= WHAT THE TASK ASKS =
Go to the line with "Rose. Carmen Davalos" in the material below and copy from there through the line with "Used 2014 Ferrari", exactly. Pictures are not copied.

= MATERIAL FOR THIS EXERCISE =
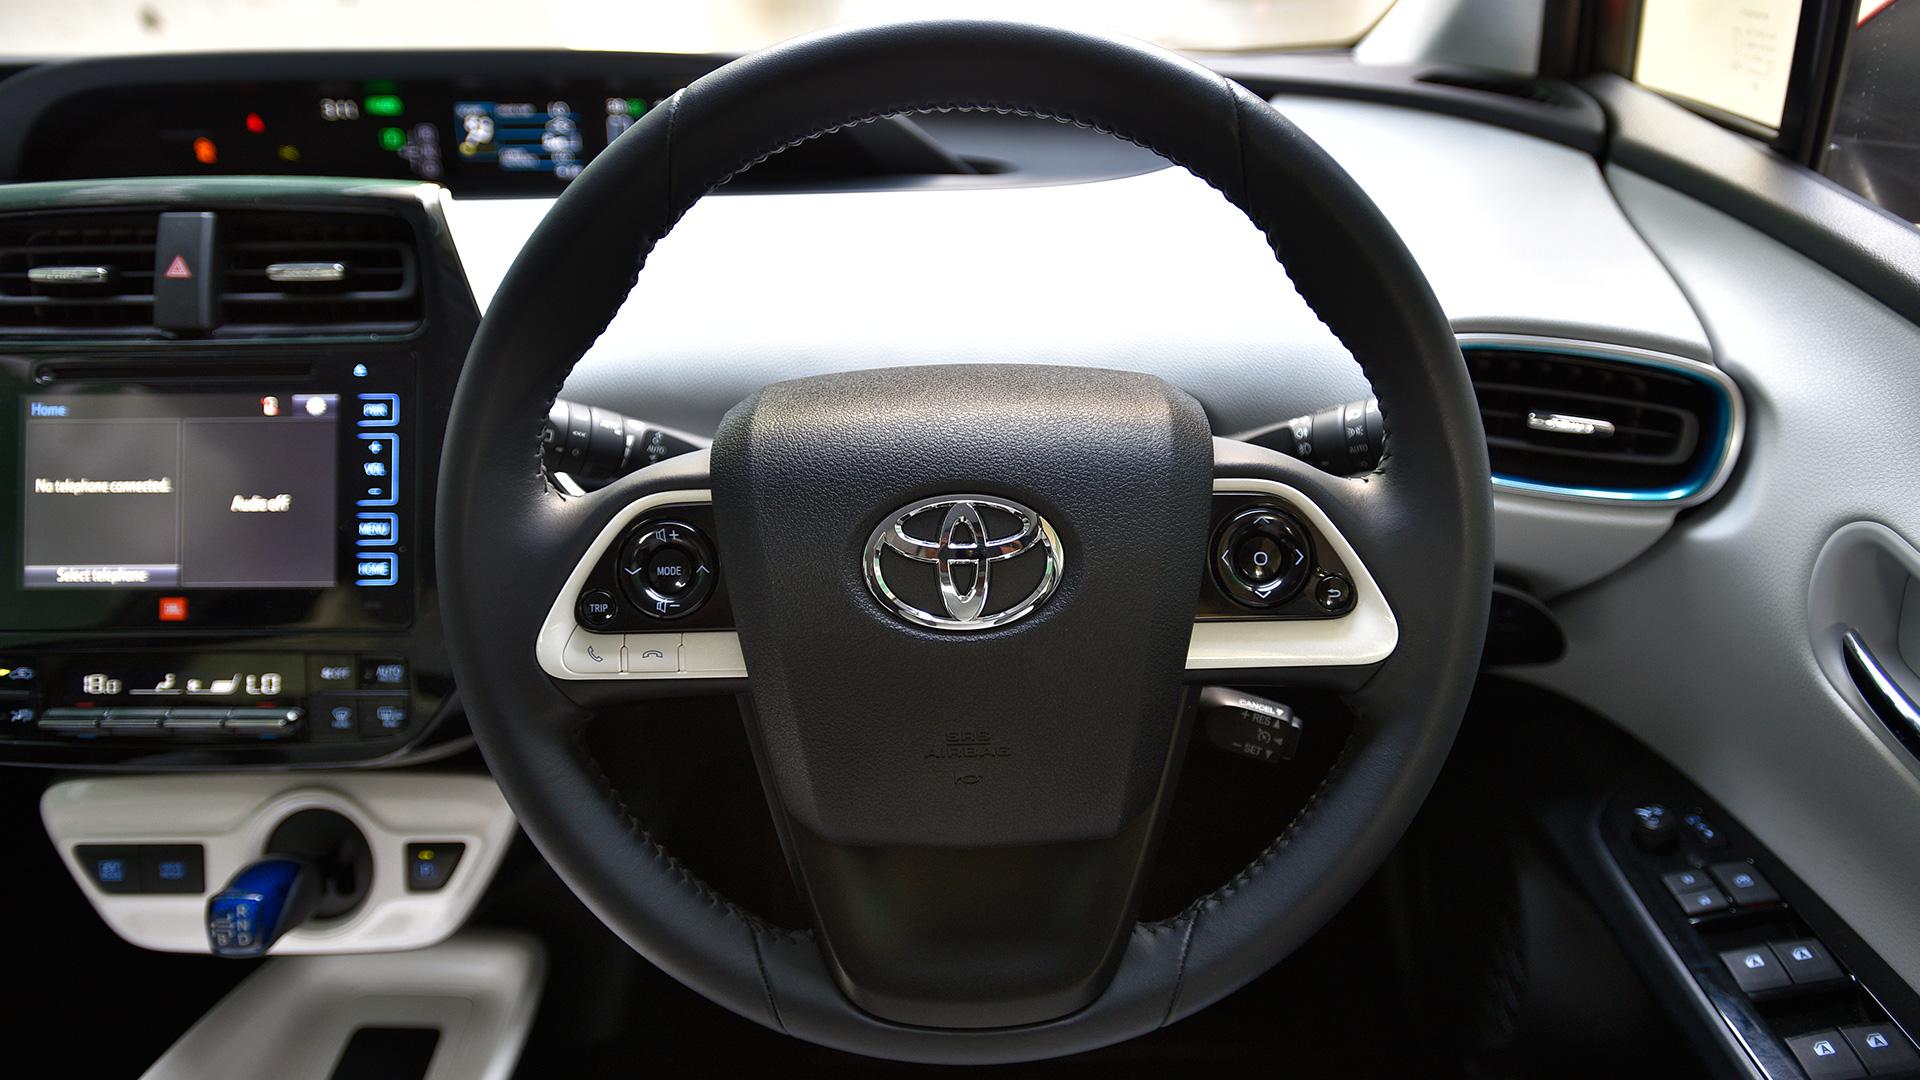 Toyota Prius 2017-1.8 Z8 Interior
--
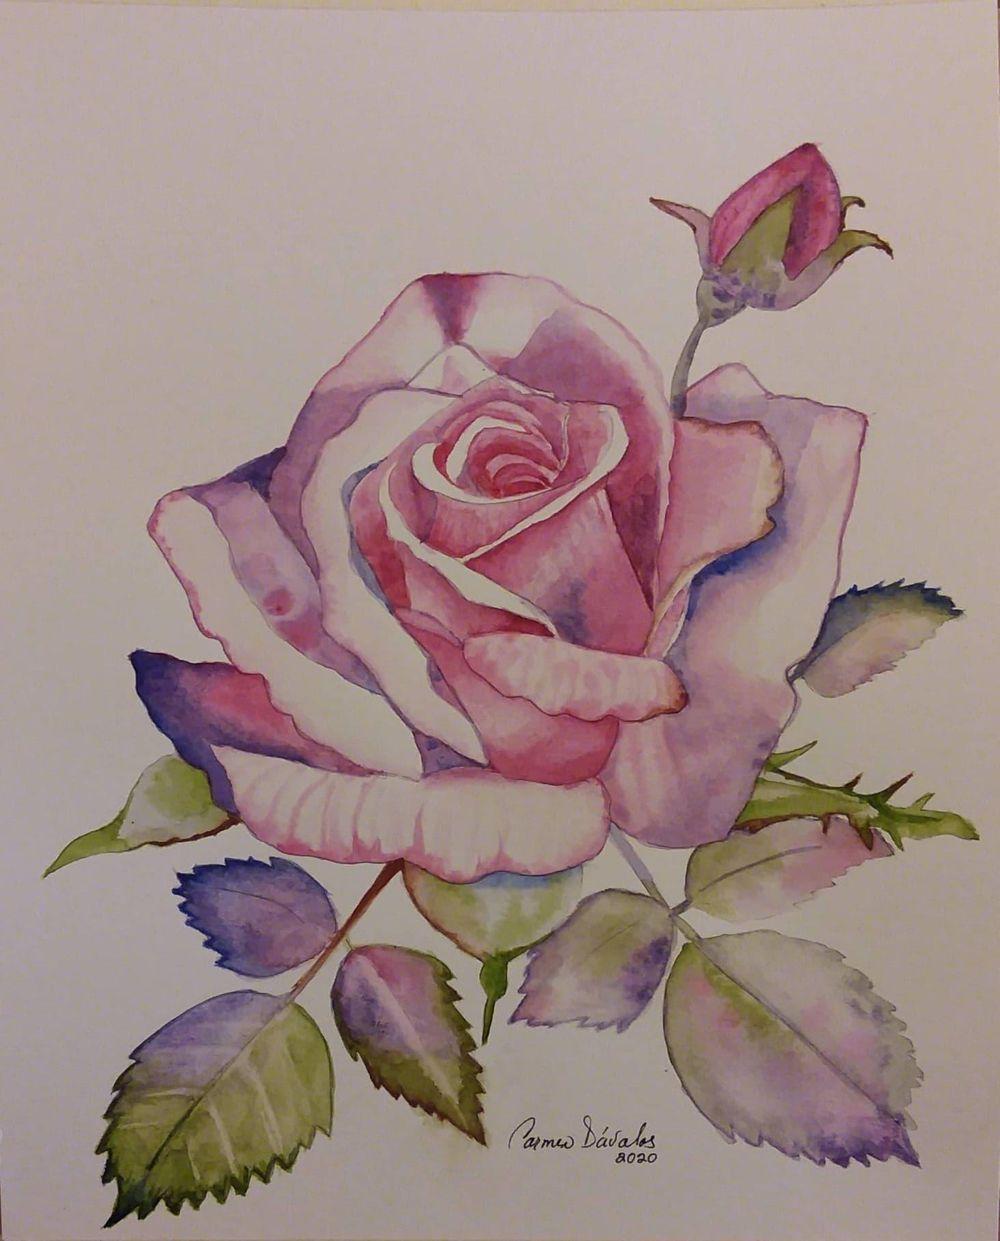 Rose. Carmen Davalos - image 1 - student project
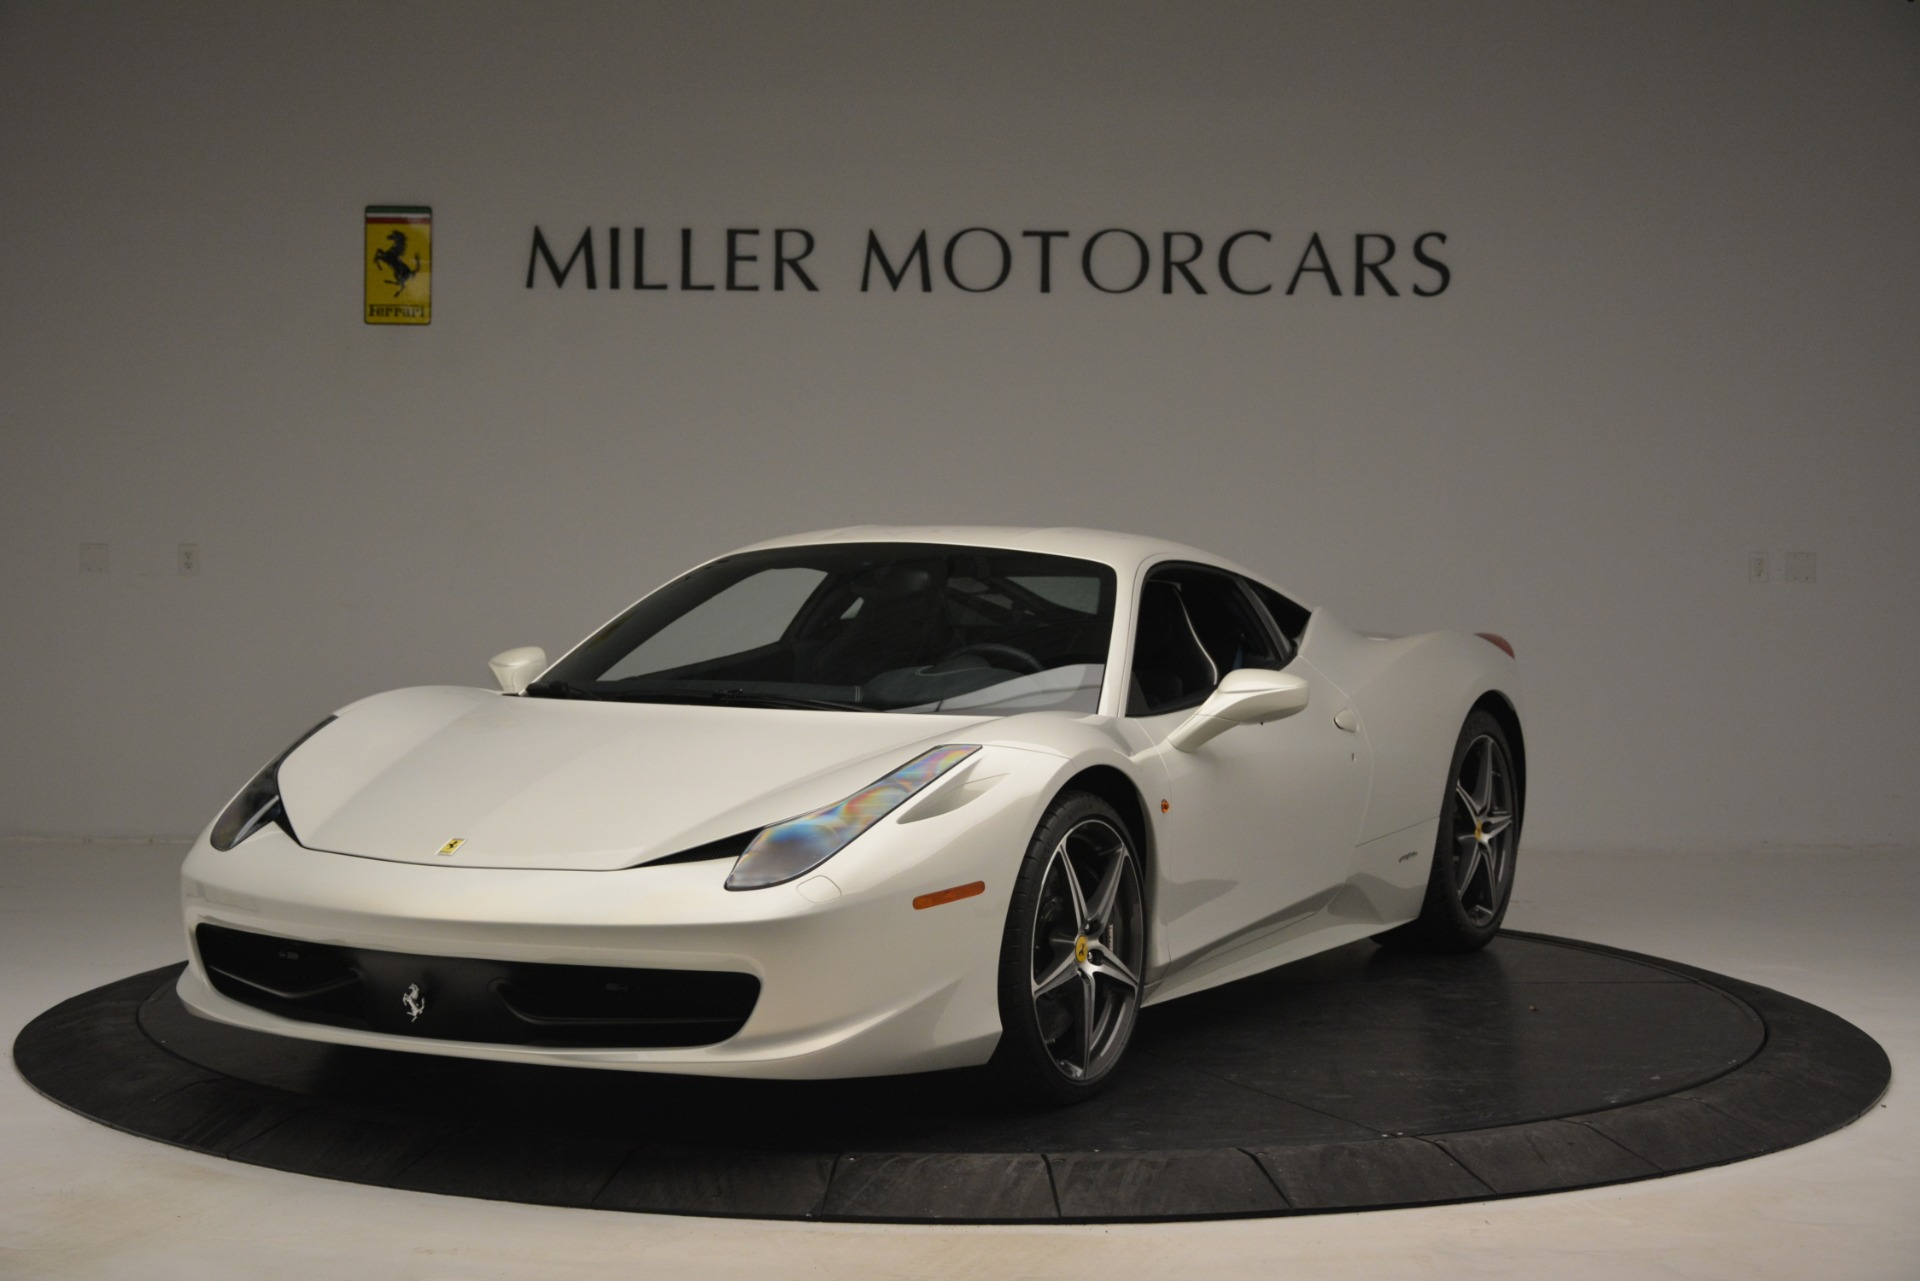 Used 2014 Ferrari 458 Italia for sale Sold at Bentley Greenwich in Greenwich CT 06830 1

= EXPECTED OUTPUT =
 Rose. Carmen Davalos - image 1 - student project
 Used 2014 Ferrari 458 Italia for sale Sold at Bentley Greenwich in Greenwich CT 06830 1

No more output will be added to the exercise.